Does anyone know how I can find out what software to use to read these files?

Kind regards, David.

What kind of answer do you expect? Do you just want to know the used word processor? Or do you want to extract the contents? If so, with or without the formatting? Please [edit] your question and clarify. — the busybee, Apr 20 '23 at 05:56
@DavidSosa: You can try to install WordStar itself and see if the files open properly. On this site https://winworldpc.com/product/wordstar you can find various versions of the program. I did not use any of those files, and I do not plan to do it - simply because I do not have Wordstar files. I have the link from the Wikipedia site: http://justsolve.archiveteam.org/wiki/WordStar. I got there by searching "import from wordstar" - which returns quite a lot of results. — virolino, Apr 20 '23 at 12:55

score 33 · Answer 1 · answered Apr 20 '23 at 02:19

33

Almost definitely WordStar or a compatible program such as NewWord.

dot commands at the top. From the WordStar 3.3 manual:
- .op - omit page numbers
- .mt1 - margin top 1 line
- .hm1 - heading margin 1 line
- .pl88 - page length 88 lines (likely 11" x 8 lines/inch)
- .. - next line is a comment line and not printed
8th bit of last letter of each word set high - just clear the bit to get regular text

The only thing that doesn't make sense to me is the 5 characters at the beginning of each regular text line. That may be an artifact of the copy/paste process - i.e., actually some other character.

answered Apr 20 '23 at 02:19

manassehkatz-Moving 2 Codidact

14,358
2
37
65

1

Maybe they are "let's center the table using tabs, spaces or some other character"... – virolino Apr 20 '23 at 06:20
21

The † is unicode 0x2020 which is the same as two spaces run together as a 16 bit character.
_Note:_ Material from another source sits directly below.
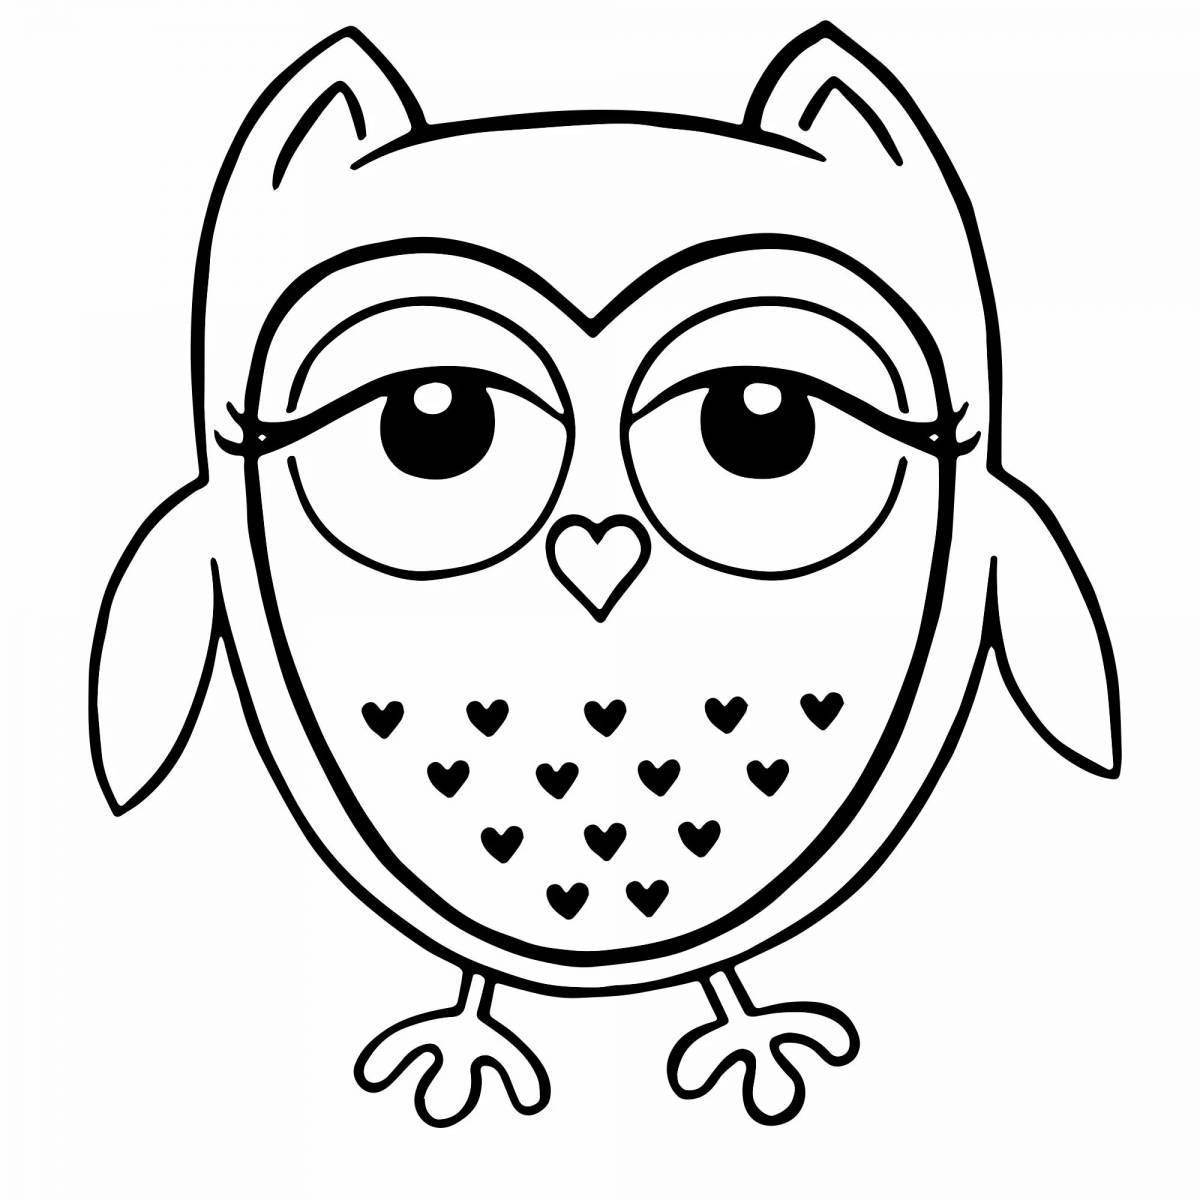 Colouring cool owlet hip hop

My guess is there has been some incorrect conversion between character sets along the way. – JeremyP Apr 20 '23 at 10:43
@virolino according to other answers/comments, that seems to be how Wordstar worked – Esther Apr 20 '23 at 16:47

camelccc · Answer 2 · 2023-04-19T16:20:20.757

19

Looks to me like a set of dot commands found at the beginning of a Wordstar file .mt1 margin at top, .hm heading margin. Try Wordstar 3

Unfortunately, modern word processors that I know of don't have import filters for Wordstar.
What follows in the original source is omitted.